We will include more of the training details both in maintext and supplement as well as add a section describing when the same model can be applied to more general domains.
We will include an updated ipython notebook supported on github where the data download is documented and directory paths are easily set.

- Pre-training is a little bit unclear
We will clarify this by adding the discussion below:

When $\tau\to \infty$, we are asserting that the individuals from the final timepoint are drawn from the stationary distribution. As discussed in line 328, if we observe the stationary case, these points should be drawn from $\exp(-\Psi(x)/\sigma^2)$ and thus we can find Psi as the solution to a log-likelihood maximization problem.

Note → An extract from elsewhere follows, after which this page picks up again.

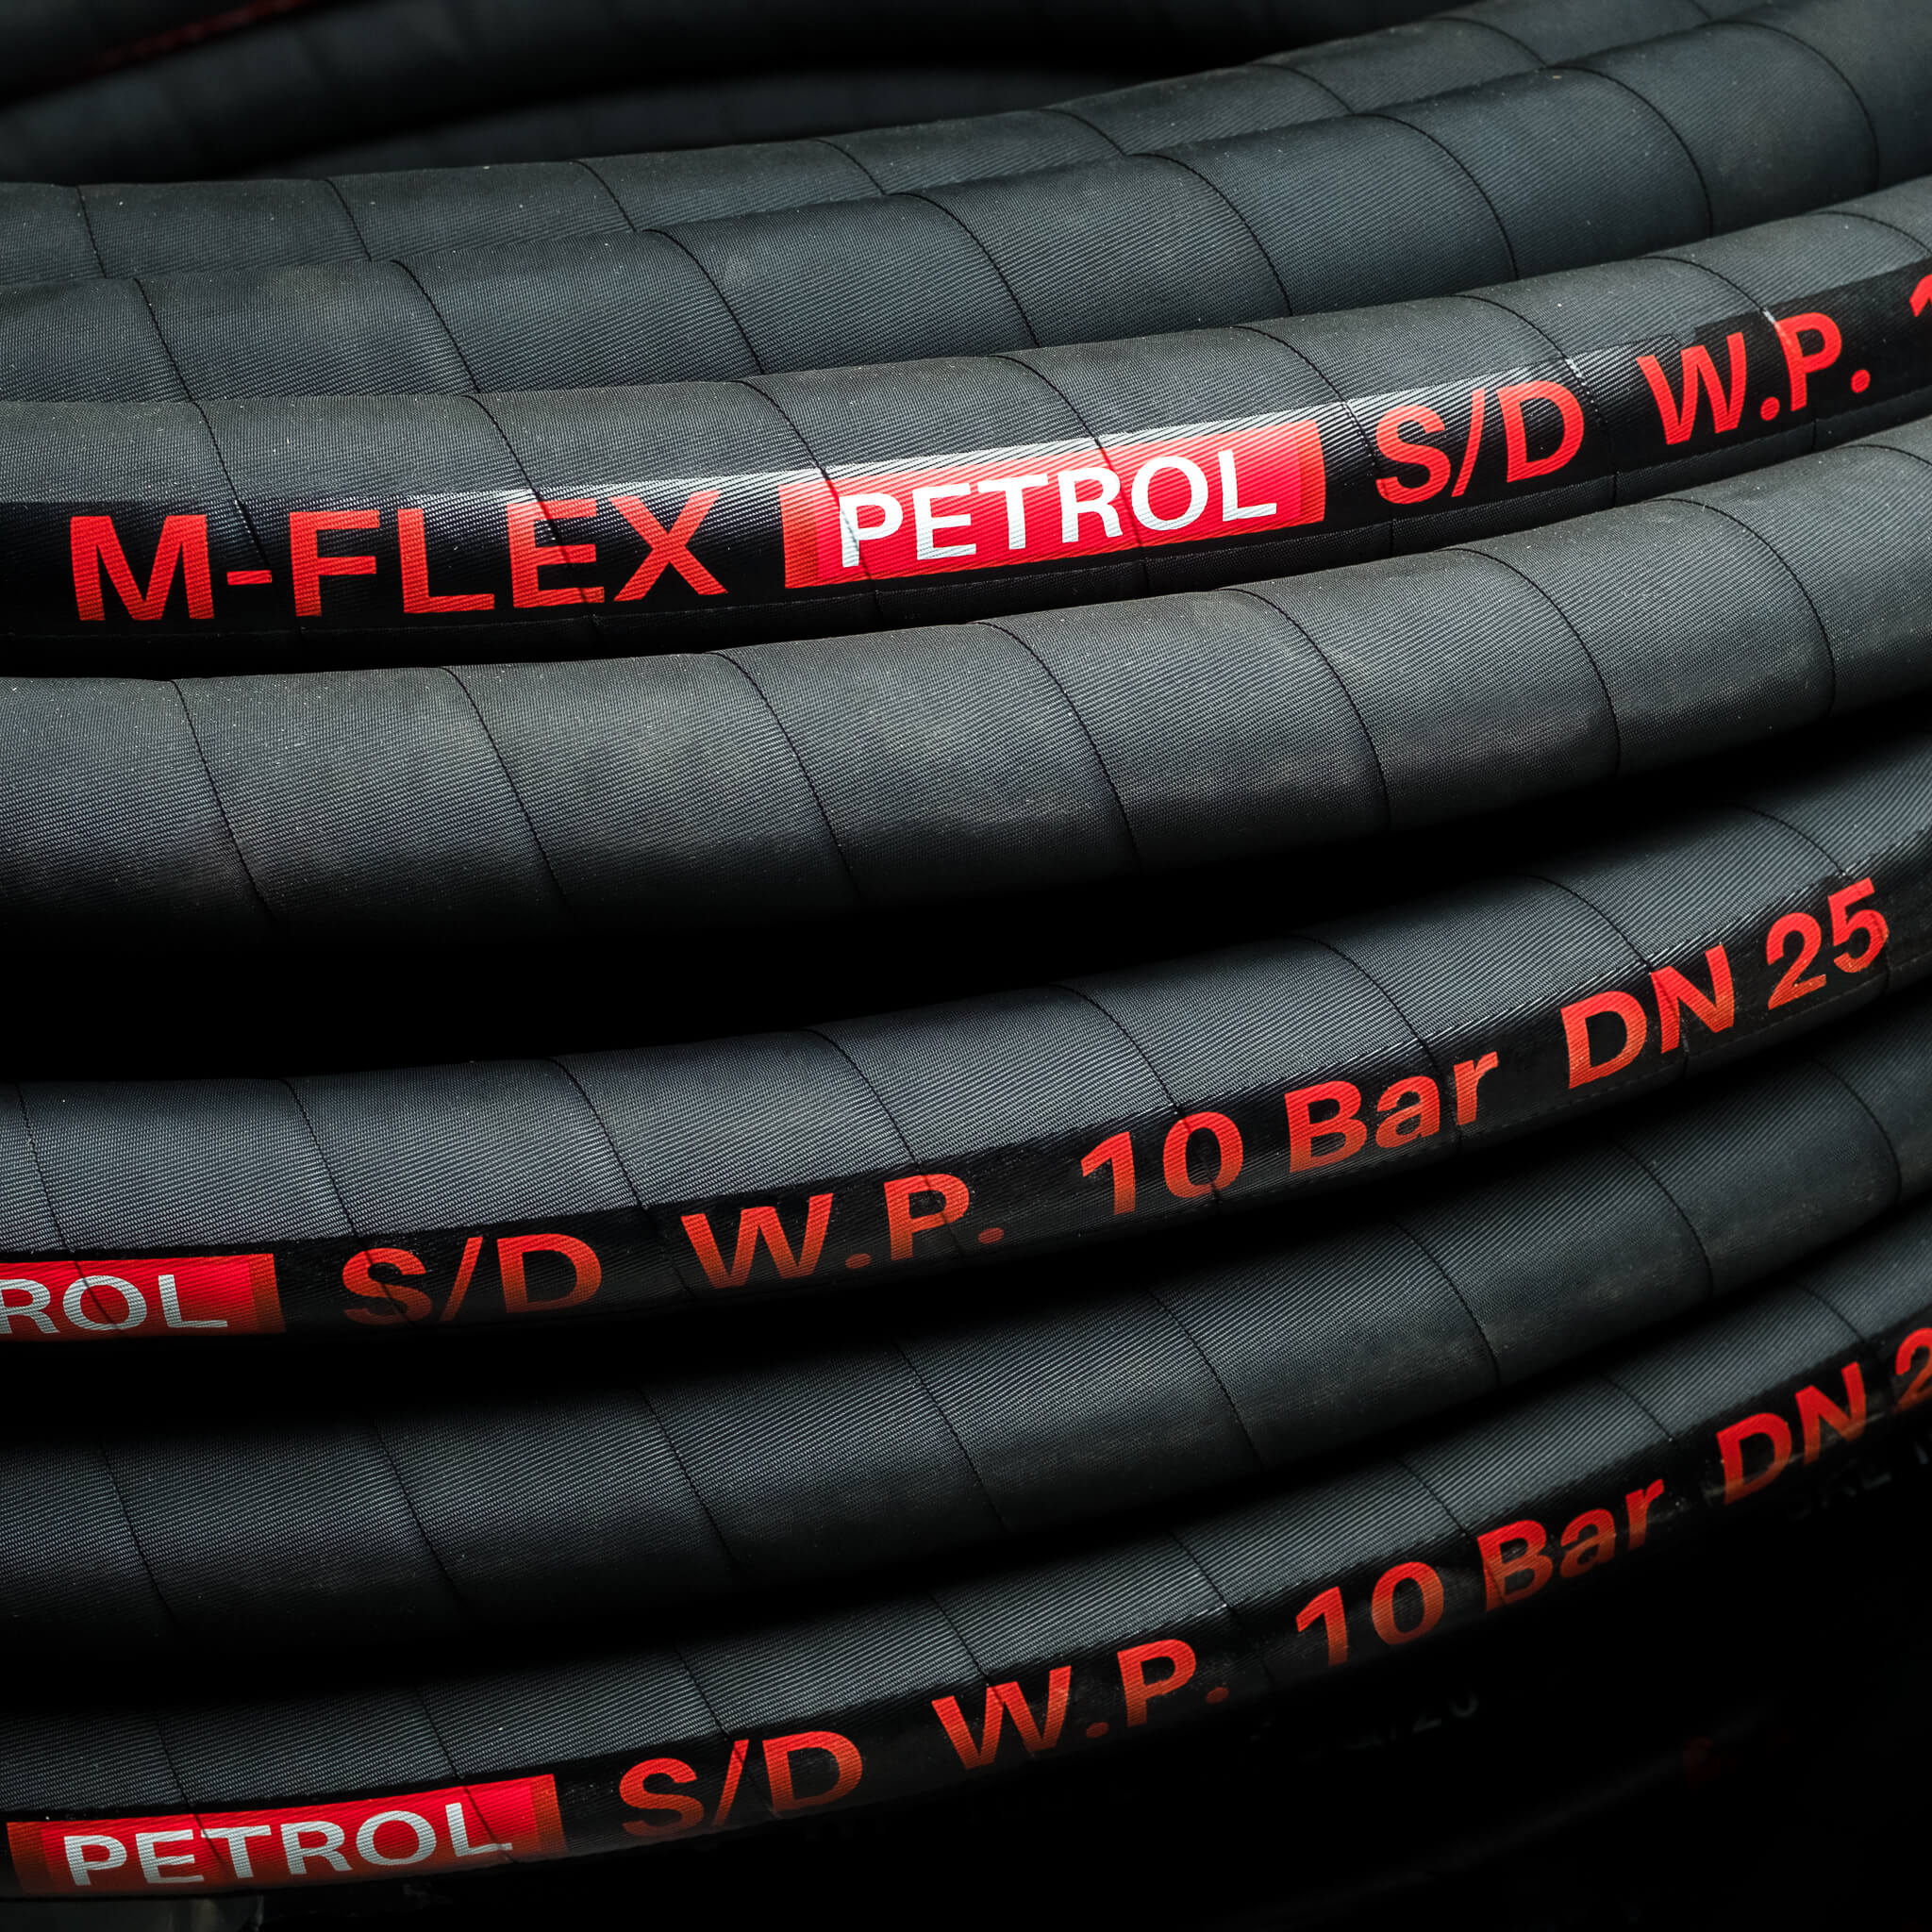 Hose for petroleum products type: M-FLEX PETROL S/D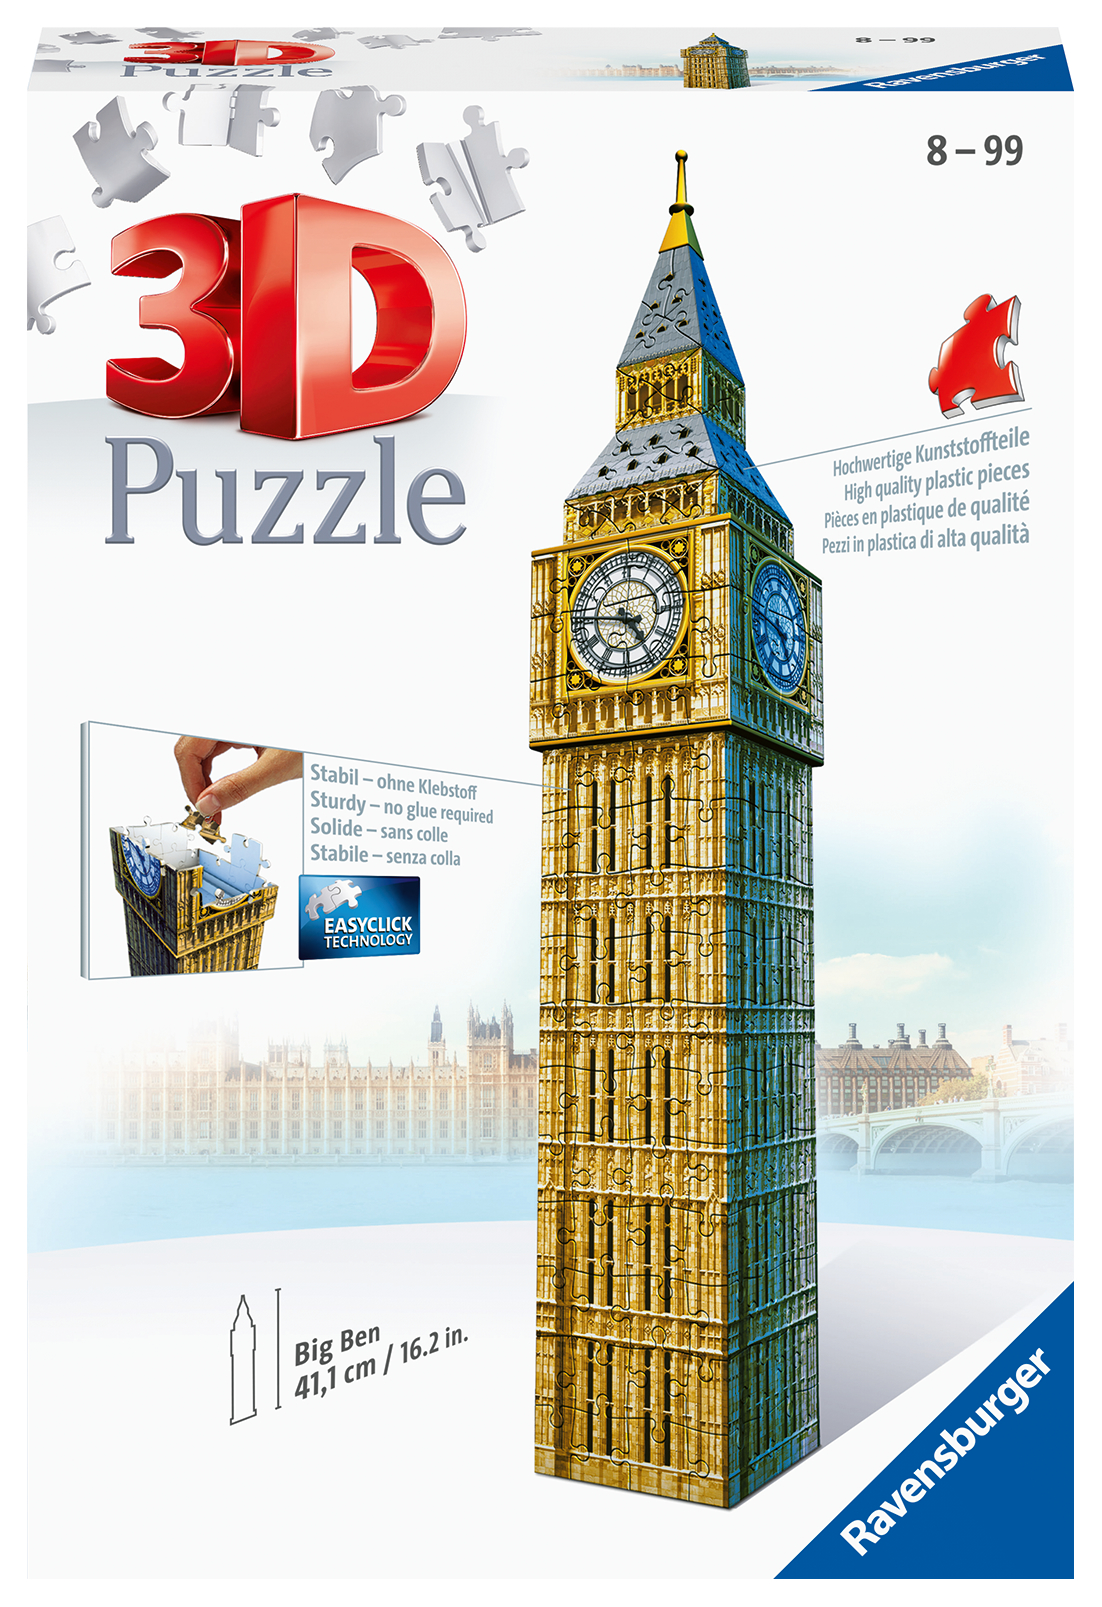 Ravensburger - 3d puzzle big ben, londra, 216 pezzi, 10+ anni - RAVENSBURGER 3D PUZZLE

This can also be seen via the loss function (Eq 8) with $\tau\to\infty$ under a normalization constraint on $\Psi$.

- shifts of the peaks (Krt8, Pou5f1) / absence of multimodality (TagIn) can be seen. Why does this happen? Does this occur in synthetic data, and if not how could it be replicated?

For missed multimodality, we have constructed very sharply peaked potentials (such as t-distributions) with the initial distribution far from the minimum where the two modes are not distinguishable from a mode with a shoulder (much like TagIn and Lgals1 in Fig S.2). In less adversarial examples such as the Styblinski-flow, this does not occur unless the dimensionality is substantially larger than the number of individuals.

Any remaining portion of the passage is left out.